TSCM and Penetration Testing

When discussing Technical Surveillance Countermeasures with people who are not very familiar with what is involved, they often ask if (or assume) our work is a part of cyber security or even if we perform pen-testing services.

In fact, much of TSCM does involve cyber security concerns. We typically are not going to delve deep in to a client’s network, though, but we will often find cyber related vulnerabilities. These could include inappropriate Wifi signals, breaches in VOIP systems, or physical modifications on data lines that could be used for unauthorized surveillance or eavesdropping.

Physical security and access control are also major considerations when conducting a TSCM sweep. If doors are not secure or if access controls can be circumvented prior to any confidential meeting, for instance, then the information discussed in that meeting could easily be compromised.

While we may not be actively attempting to penetrate the security of a network or a facility, our tests and observations almost always reveal significant information security and physical security vulnerabilities.

Examples of physical vulnerabilities we found recently include a heating vent passage way that connected from a confidential conference room to a next door office that had been conveniently turned into a coffee break room. While sweeping the room, we heard clear voices coming from the corner. Further inspection found that, yes, the voices were real. There were two employees having a cup of coffee next door. A note to the security director quickly got the coffee pot moved and the air vent stuffed with insulation.

   
Air ducts and heating vents can allow sound to pass freely between rooms.

Another incident involved arriving to sweep a board room and discovering one of the doors had the door strike taped over with gaffer’s tape to keep the door from locking. The sweep was being conducted the day before a high level board meeting. The doors to all of the meeting rooms had proximity badge access control, as well as badge access was require just to get to the entire wing of that floor. One might assume that only authorized persons could enter the area. Perhaps an AV technician had temporarily wanted to keep the door open to be able to go back and forth while setting up equipment, and just forgot to remove the tape but it left a big vulnerability.

Further inspection of the area revealed an even greater problem. There was a fire exit door nearby that opened to a set of emergency stairs, leading down to the street.

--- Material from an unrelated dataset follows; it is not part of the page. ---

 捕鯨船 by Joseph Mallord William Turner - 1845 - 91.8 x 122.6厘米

A quick check of the lock cylinder for the door revealed that it had been damaged. We found that the key way from the outside was clearly in bad shape, so much so that it no longer needed a key. A coin could be used to open the fire door from the stair side, allowing access to the meeting room area.

Damaged fire stair door allowed access to secure area with use of a coin.

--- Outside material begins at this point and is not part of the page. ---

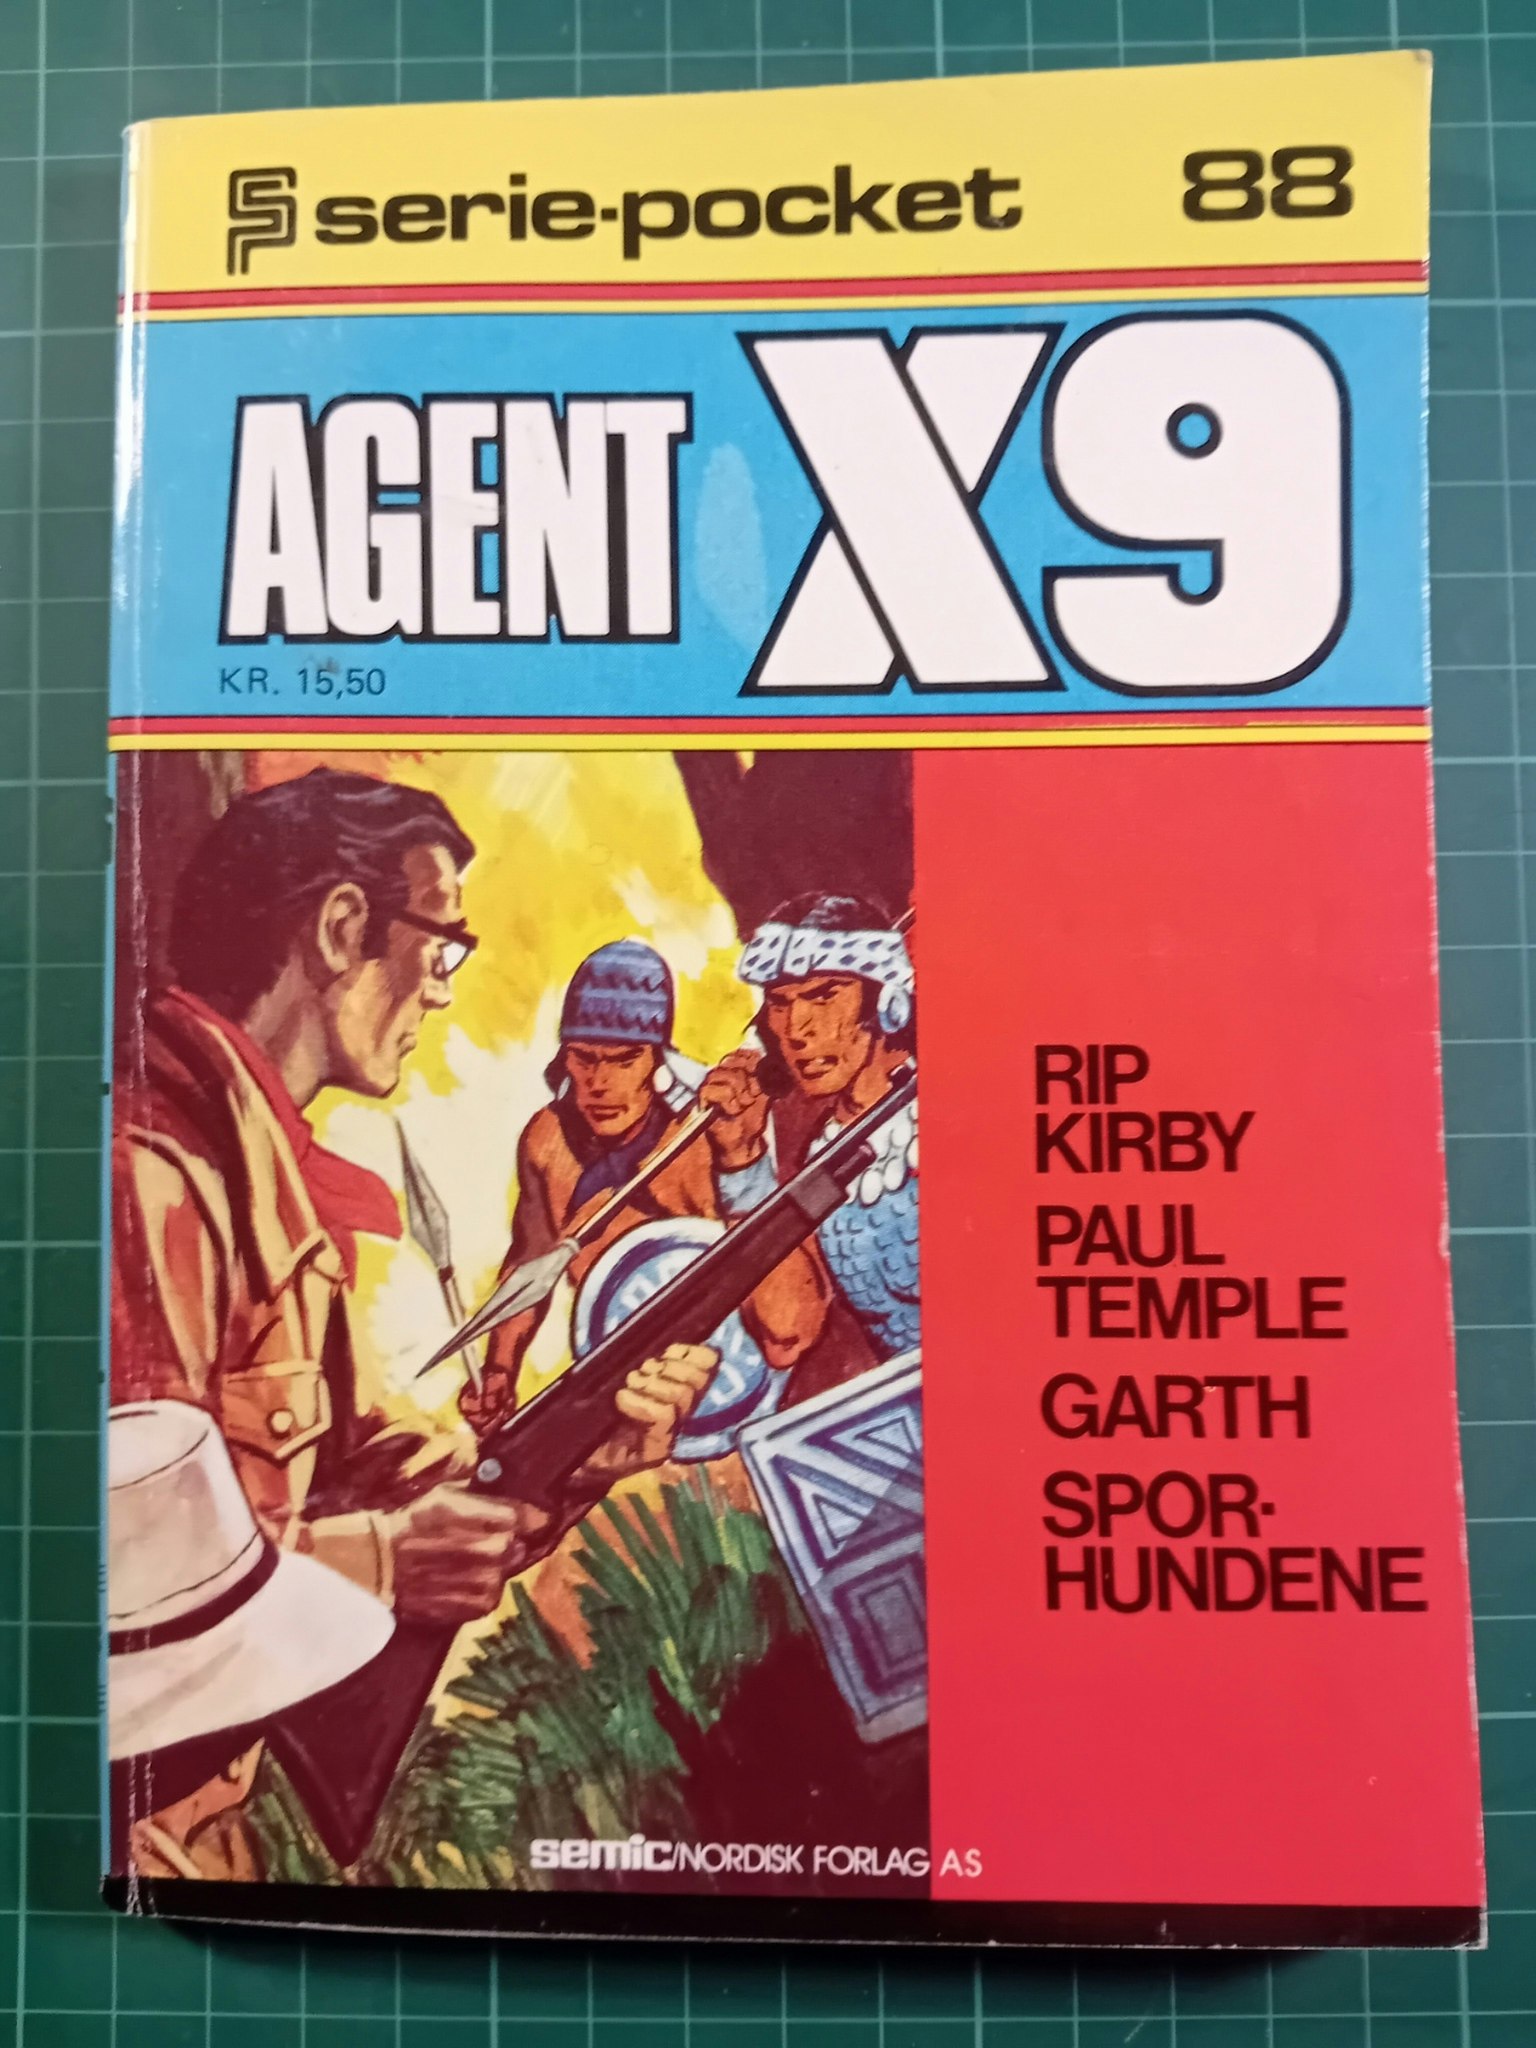 Serie-pocket 088 : Agent X9

The security of this confidential, highly secure, board room had been totally compromised. Access to the room had been open to anyone in the building for who knows how long prior to their board meeting.

These types of breaches or lapses in security may easily be overlooked when each falls into a different person’s area of responsibility. The maintenance staff responsible for the fire stair door may have no relationship to the person responsible for the meeting room doors. The person setting up the coffee machine may have no awareness of the missing insulation in the heating vent.

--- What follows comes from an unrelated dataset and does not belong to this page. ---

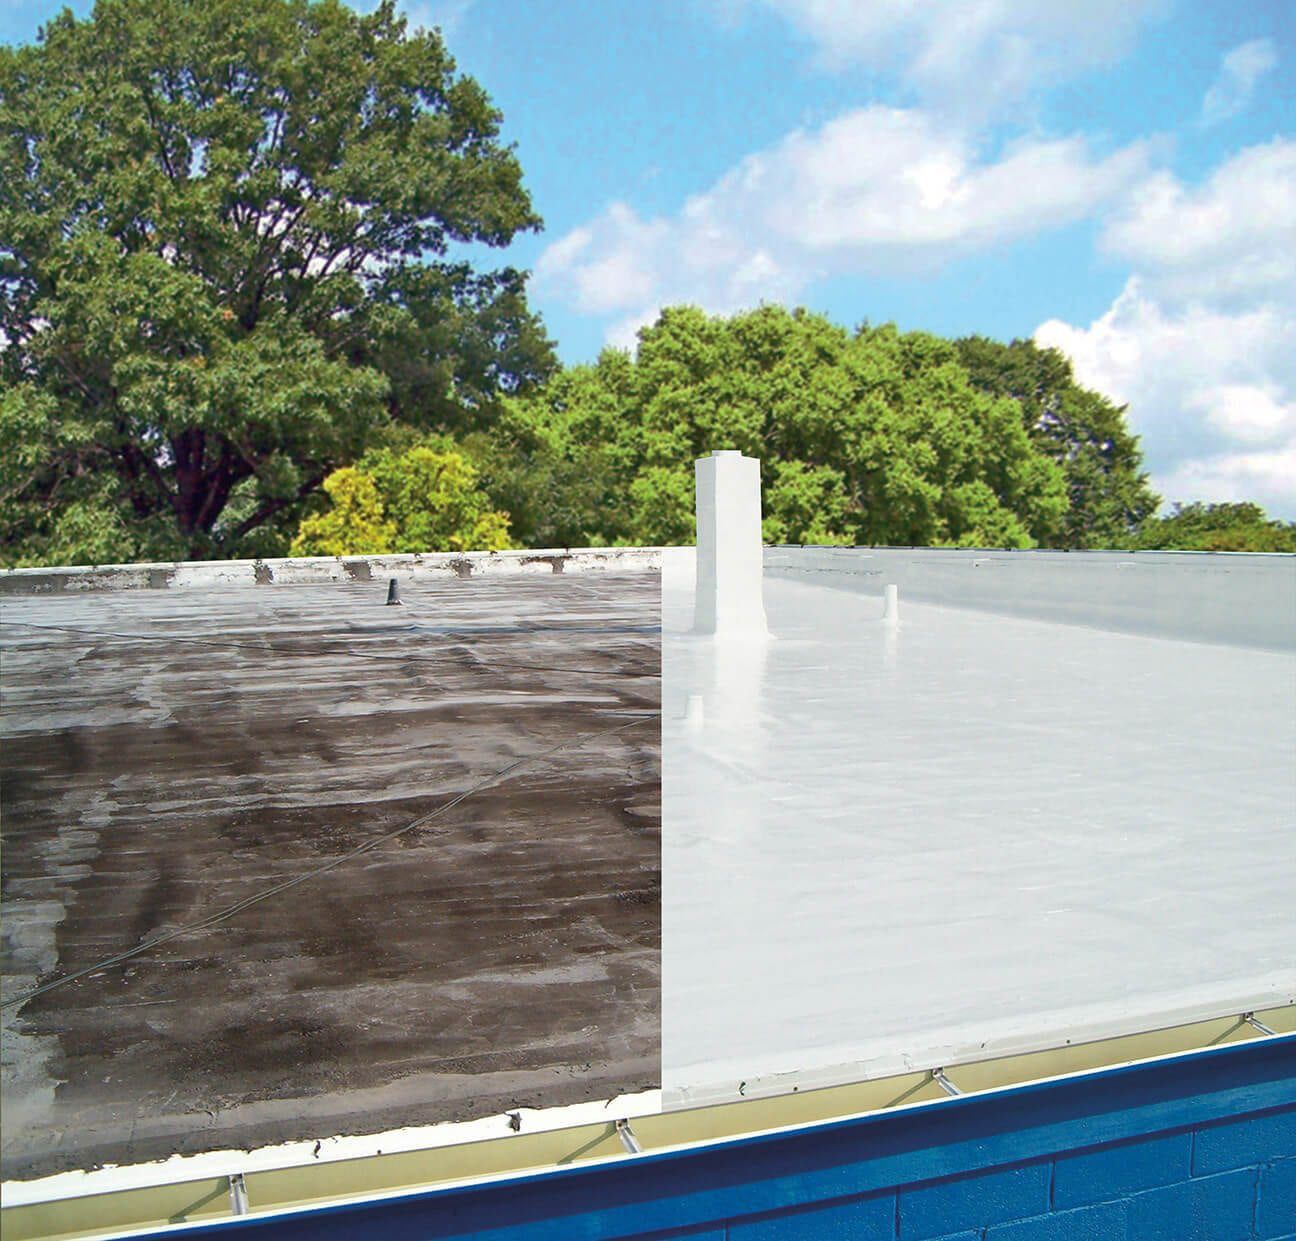 Roof cover # Waterproofing # Seal # Coat # Acrylic

A competent TSCM technician will spot the individual problems and should recognize how they link together to create a much greater vulnerability.

In TSCM we are not necessarily looking for ways to breach security or penetrate a secure area, but we are finding the ways that confidential information and conversations could be leaked, stolen, and exfiltrated from an area. After all, all valuable, confidential data has it’s beginning as a conversation.

Companies serious about information security should have TSCM inspections conducted on a regular basis.

 

TSCM may be the missing piece to your security.